App. 1997) (“[W]here the challenged party admits reliance on a prohibited
discriminatory characteristic, we do not see how a response that other
factors were also used is sufficient rebuttal under the second prong of
Batson.”).
We endorse the approach taken by the foregoing jurisdictions and
conclude that it is not appropriate to apply the dual motivation analysis
in the Batson context. Such an analysis in our view is inconsistent with
the “facially valid” standard announced by the Supreme Court in Purkett.
Further, we recognize that Batson protects against only the most
conspicuous and egregious biases. “To excuse such obvious prejudice
because the challenged party can also articulate nondiscriminatory reasons
for the peremptory strike would erode what little protection Batson
provides against discrimination in jury selection.” Payton v. Kearse, 495
S.E.2d 205, 210 (S.C. 1998). Instead, we conclude the tainted approach is
the appropriate analytical tool in evaluating Batson claims. As applied to
the facts in this case, the State’s impermissible racially based peremptory
challenge tainted any nondiscriminatory reasons it may have proffered.

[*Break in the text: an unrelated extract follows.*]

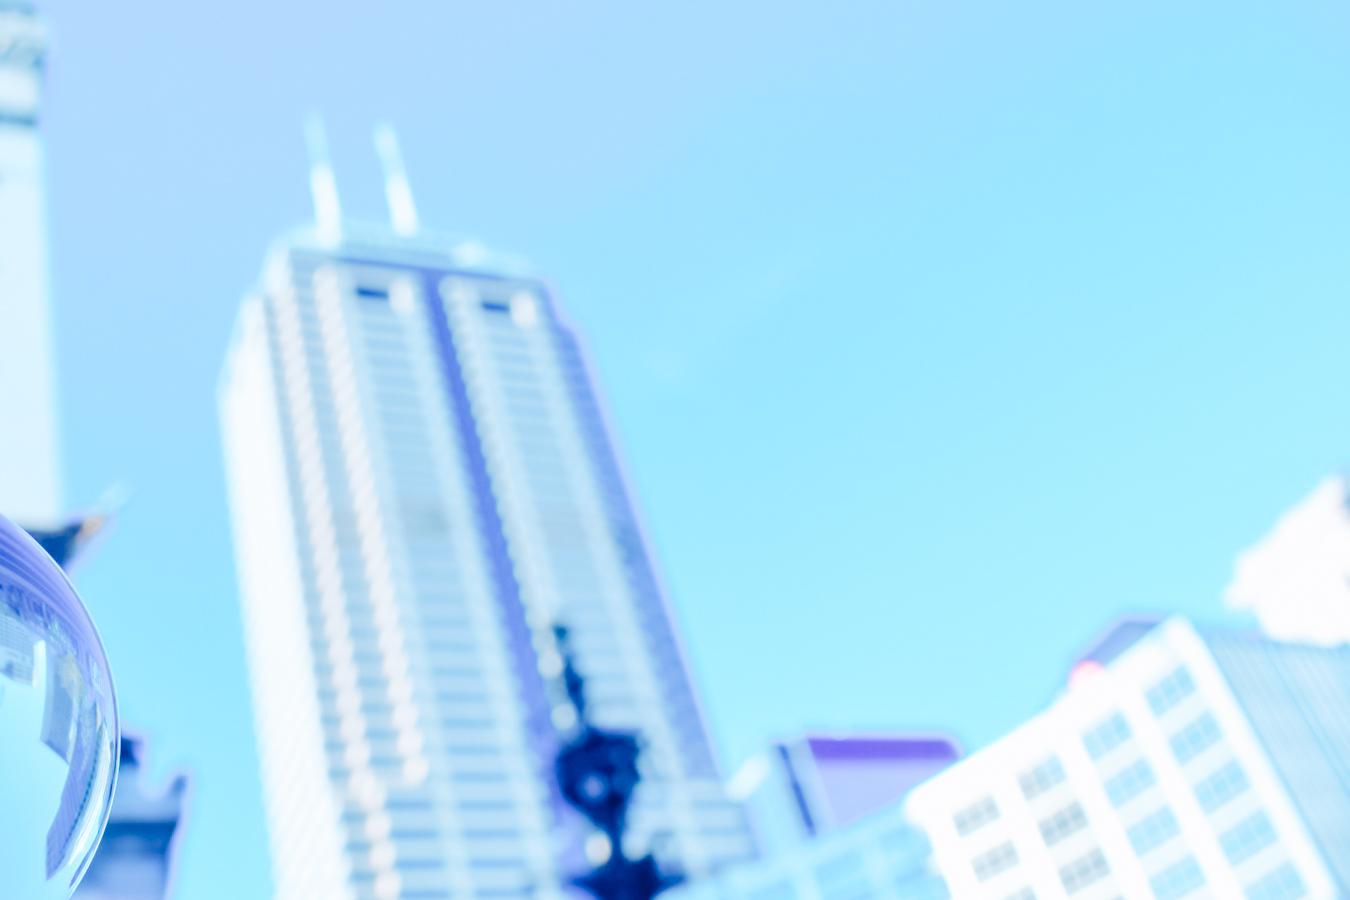 Building in Indianapolis

Accordingly, the State failed to meet its burden under the second prong of
Batson to come forward with a race-neutral explanation for its peremptory
strike. McCormick is thus entitled to a new trial.
Conclusion
We reverse the judgment of the trial court and remand this cause for a
new trial.
Shepard, C.J., and Dickson, Sullivan and Boehm, JJ., concur.
-----------------------
[1] The State counters the rationale is not race-based but rather is
grounded on the trial deputy’s belief that the juror’s “job as a realtor
might make it difficult for her to reach an unpopular decision.” Br. of
Appellee at 12-13. The record shows that after jury selection and on the
second day of trial, McCormick renewed his objection to the State’s use of
a peremptory challenge to remove juror Donaldson. In response, both deputy
prosecutors further elaborated on their reasons for the strike. In
relevant part, one of the deputies explained that he had consulted with a
colleague and that the colleague “knew she was a realtor and that his
impression of Realtors are they try to make everybody happy. And that she
would – she may have a difficult time doing a difficult decision such as
convicting somebody.” R. at 517. Although this proffered rationale may
serve as an additional race-neutral reason for the State’s challenge, it
does not serve to vitiate the race-based reason proffered the day before.
[2] The Supreme Court has adopted this analysis in other areas of equal
protection jurisprudence as well. See Hunter v. Underwood, 471 U.S. 222,
231-32 (1985); Mt. Healthy City Sch. Dist. Bd. of Educ. v. Doyle, 429 U.S.
274, 285-87 (1977); Vill. of Arlington Heights v. Metro. Hous. Dev. Corp.,
429 U.S. 252, 270 n.21 (1977). However, although the full Supreme Court
has never addressed the issue, in a dissent to the denial of certiorari,
Justice Marshall joined by Justice Brennan contended that dual motivation
analysis is not appropriate in analyzing Batson claims. See Wilkerson v.
Texas, 493 U.S. 924 (1989) (Marshall, J., dissenting).